Home » » Multifungsi Media Online: Dakwah vs Prostitusi

Multifungsi Media Online: Dakwah vs Prostitusi

pusing online untuk dakwah atau prostitusi
Dalam wilayah online, kasus politik, hukum, hingga radikalisme dan prostitusi menjadi kehebohan belaka. Apapun itu yang dikemas dan menjadi sajian online, kini terasa lebih menghebohkan masyarakat. Alih-alih bermunculan semisal “radikalisme online” dan “prostitusi online”. Apalagi kasus prostitusi online yang melibatkan artis, baunya lebih menggelegar. Karena apapun yang dilakukan artis akan menjad tranding topic yang gurih-gurih kenyal.

Kita hidup dalam jagat informasi yang berdampak besar dalam komunikasi antarindvidu. Masyarakat dengan mudah menampilkan dirinya secara daring di internet, berkomunikasi, berinteraksi, saling kirim pesan, saling berbagi dan membangun jaringan tanpa batas. Internet memiliki peranan yang sangat signifikan demi meningkatkan propaganda belaka, termasuk memanjakan pelacuran.
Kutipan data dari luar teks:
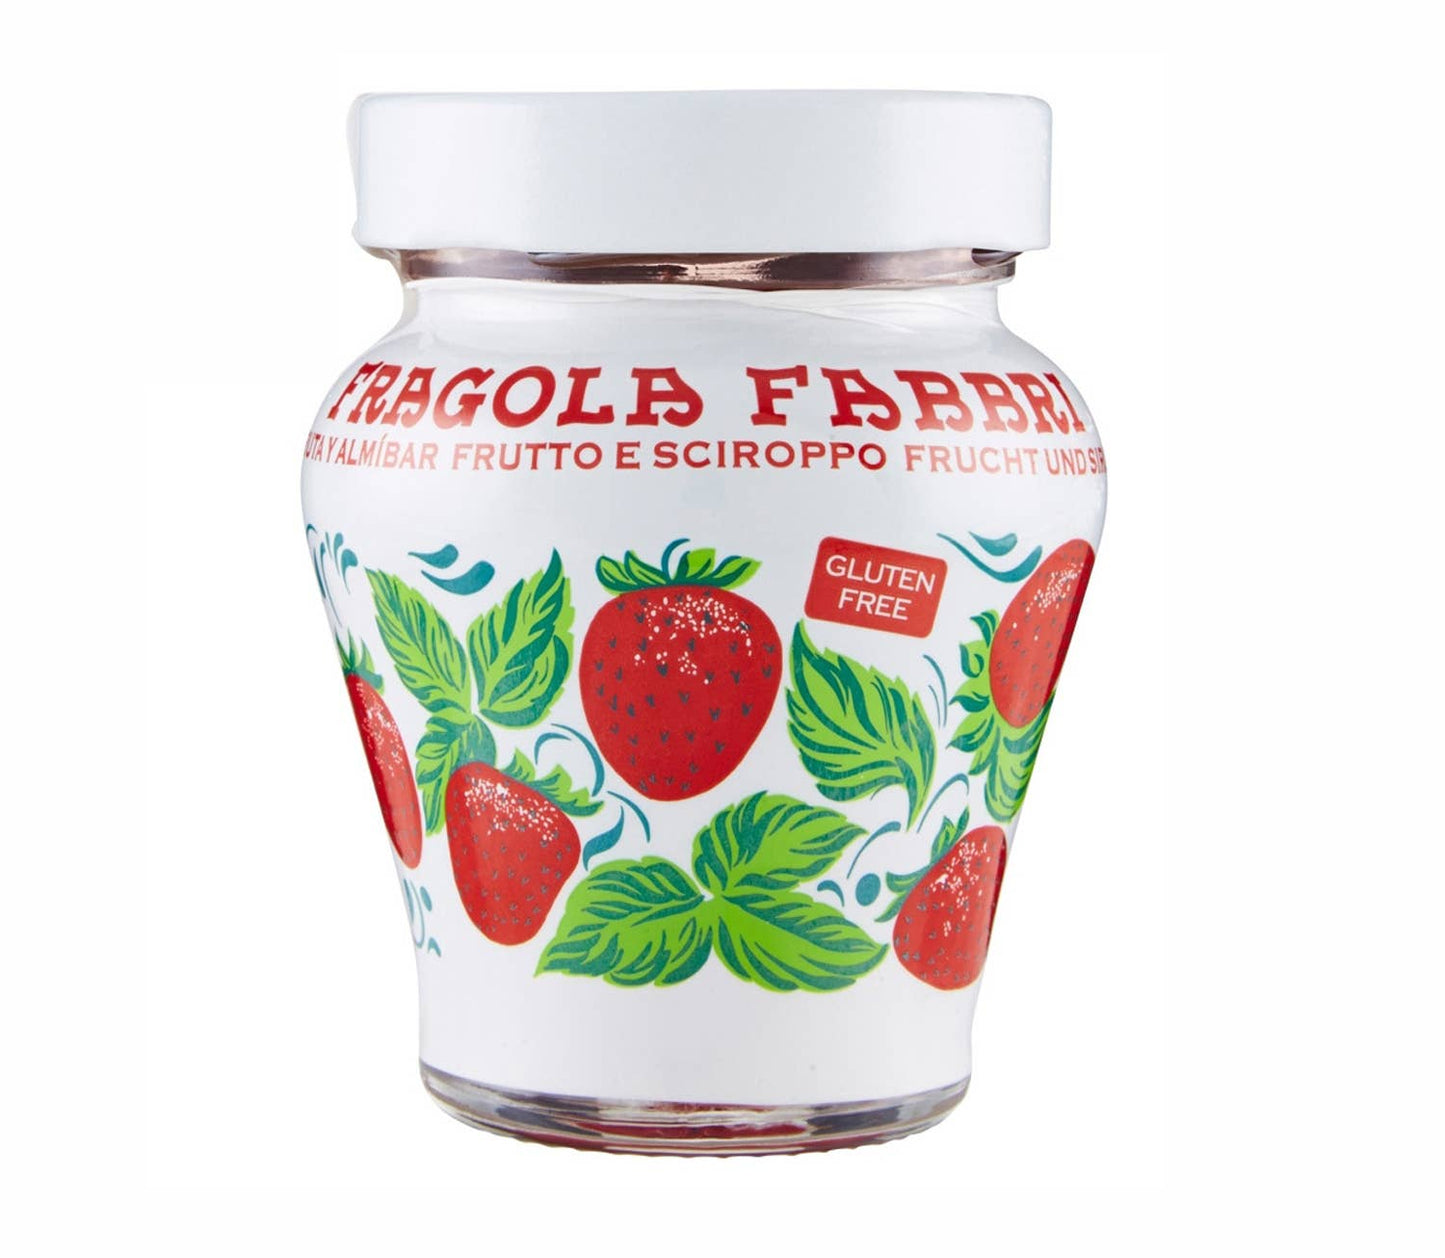 Wild Italian Strawberries in Syrup - Fabbri 230g glass jar

Bermula dari kasus terbunuhnya Tata Chubby, seorang pekerja seks komersial (PSK) di Jakarta. Lalu digegerkan lagi-lagi prostitusi standar artis bertarif Rp 80 juta hingga Rp 200 juta yang dijajakan secara online alias daring (dalam jaringan).

Wabah heboh prostitusi online semakin menggemaskan. Cukupkah pemblokiran situs porno ataupun situs radikal ternyata masih banyak ‘jalan tikus’ lewat perkakas teknologi yang bisa dimanfaatkan untuk melampiaskan tujuan ini.

Inikah wajah Indonesia saat ini? di satu fakta negeri kita dilanda heboh wabah radikalisasi islam dalam media online yang sangat mengkhawatirkan. Di sisi lain para ulama dan tokoh-tokoh islam terus memanfaatkan kehebatan online sebagai sarana dakwah yang mudah dan efektif. Dalam tulisan republika online edisi agustus tahun lalu, mempertegas bahwa media online kini menjadi kendaraan baru bagi para pendakwah. Selain sasaranya heterogen, berdakwah di media online dalam bentuk tulisan juga bisa dibaca siapapun dan kapapun tanpa ada jarak waktu, karena bisa kita buka berulang kali.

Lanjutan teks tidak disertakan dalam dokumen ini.